This delicious honey glazed smoked fish recipe makes enough to fill our 4-tray smoker perfectly. Depending on the size of your smoker and the species of fish you choose to use, you may have to double or half the recipe. That’s why no amount of fish is listed – just take prepare whatever will fill your smoker.
Salmon or rainbow trout fillets (if you like an oilier fish, lake trout is also delicious) or salmon, rainbow trout or lake trout spines.
1 cup kosher salt
1 cup brown sugar
1/2 tsp onion powder
1/2 tsp garlic powder
1 tbsp garlic, minced
2 tbsp paprika
1/4 cup honey
1/4 cup apple cider vinegar
2 tbsp brown sugar
Mix together the dry brine ingredients in a small bowl. In a non-reactive container, place your fillets or spines in a layer and generously rub the brine into them. Place another layer of fish over top and rub brine into fish. Continue this process until all the fish is completely coated in dry brine. Cover the container with a lid or Saran Wrap and place in the fridge. Let fish brine for eight hours, or overnight.

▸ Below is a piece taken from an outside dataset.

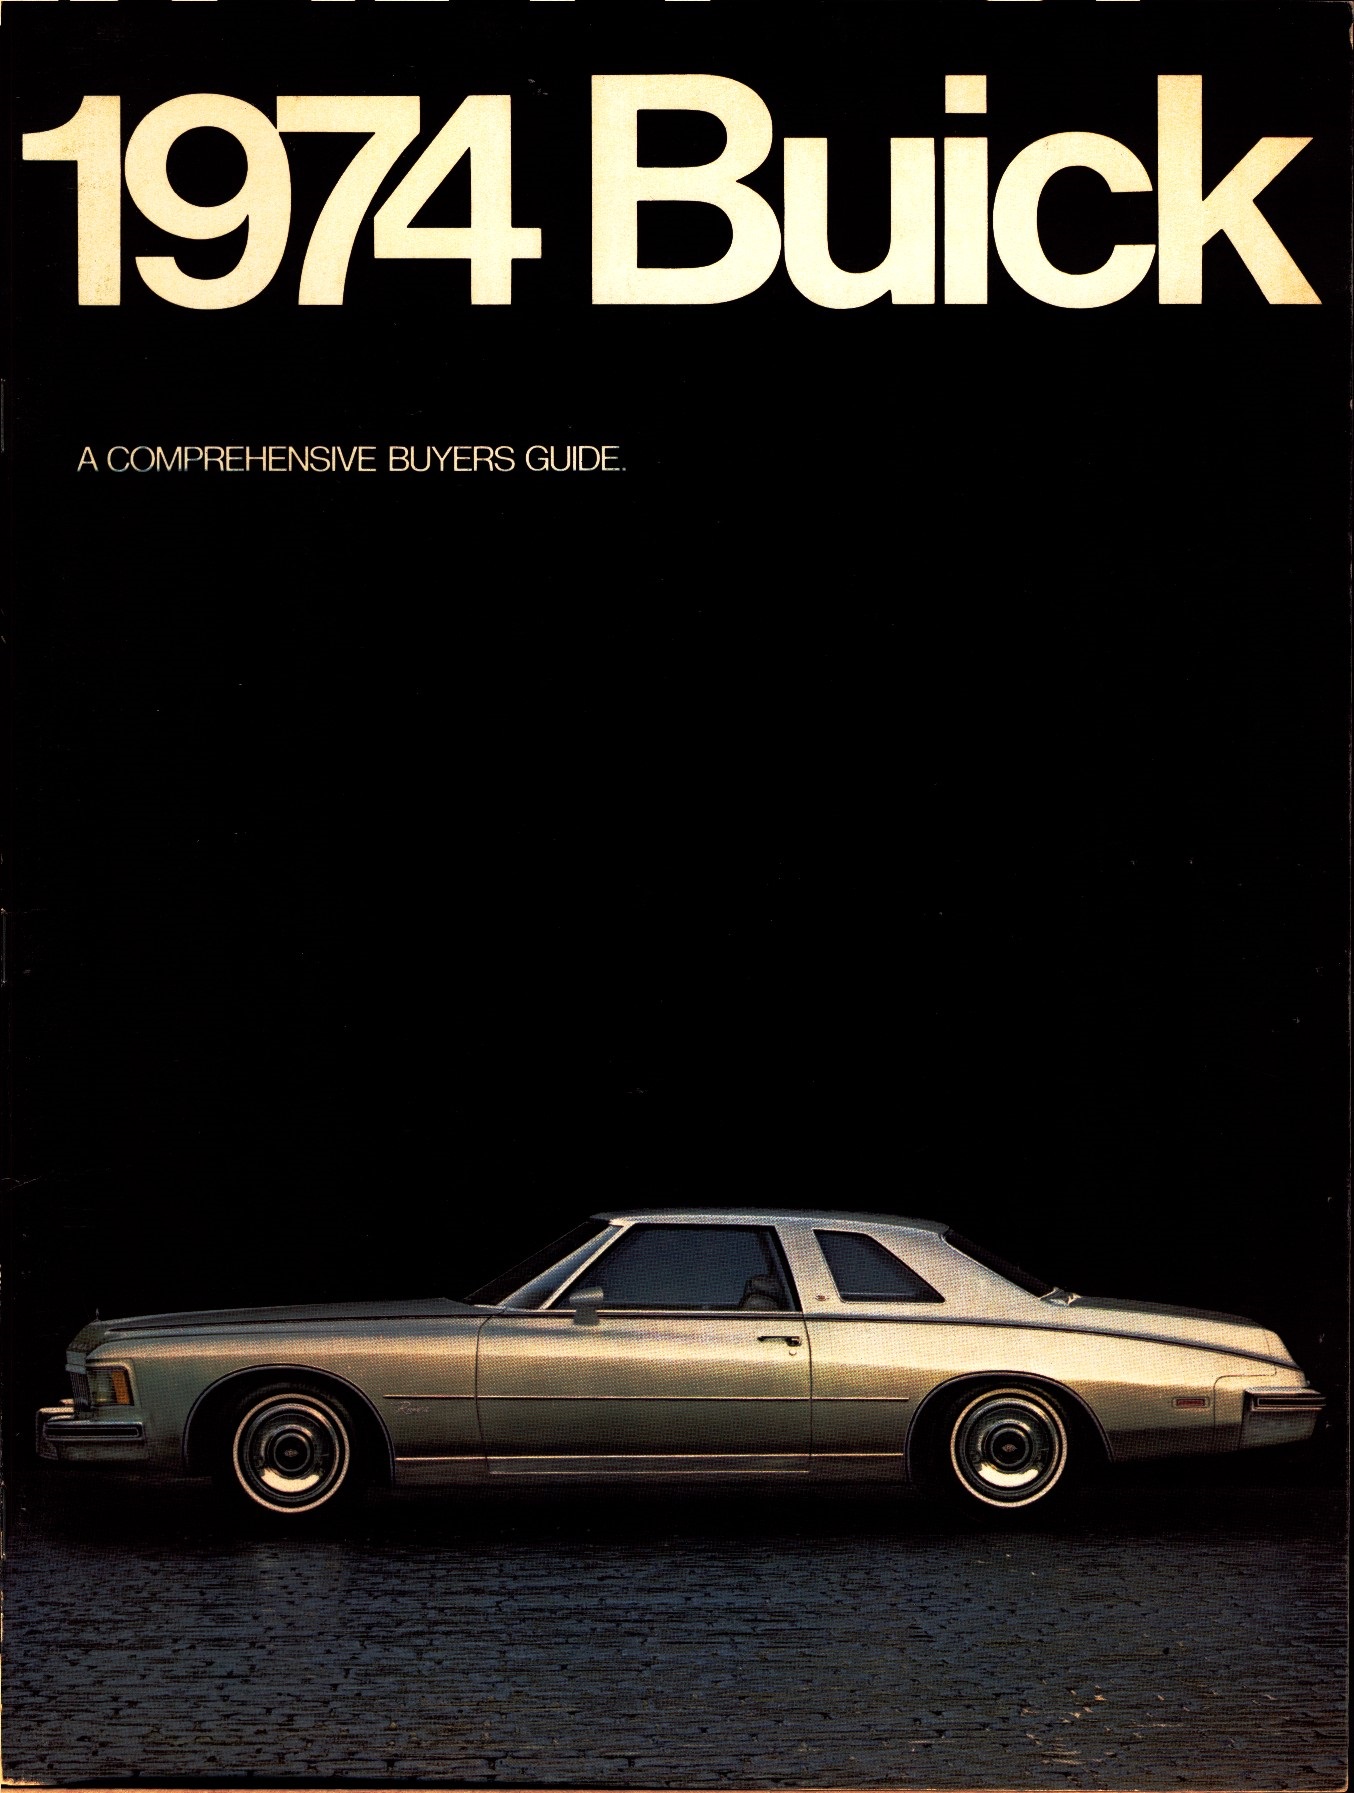 1974 Buick 00

After the brining period is up, be sure to thoroughly rinse each fillet with cool water and pat dry. This is an important step, because if there is any salt left over it will result in a very salty final product. Fill smoker trays with fillets and place back in the refrigerator for a couple of hours. This allows the fish to “tack up” and will help increase the smoky flavour when cooking.
According to the manufacturer’s instructions, pre-heat your smoker to 140 degrees Fahrenheit. For this brine and glaze combination, maple or apple wood is a great choice for pucks or chips.
Place all the glaze ingredients in a small bowl and stir. Once the smoker is up to temperature, place racks of fish inside. After every hour or so, brush fish with glaze – keeping in mind that every time you open the smoker unnecessarily, you are losing a bit of smoke and heat. Gradually increase heat to 180 degrees Fahrenheit over the course of the smoking process. If the fish cooks too fast, you may notice a white film on top of the meat. Although it affects the appearance of the final product, I find that it doesn’t affect the flavour too drastically.
Depending on how thick your fillets are, or if you have used spines, the smoking process can take anywhere from three to six hours. With a meat thermometer, check for an internal temperature of 145 degrees Fahrenheit while you already have the smoker open to glaze the fish. Once that temperature is reached, the fish can be removed from smoker.
Smoked fish can be served warm or cooled and stored in the fridge. If spines were used, once the meat is smoked it will peel right off the bones into nice, flaky chunks.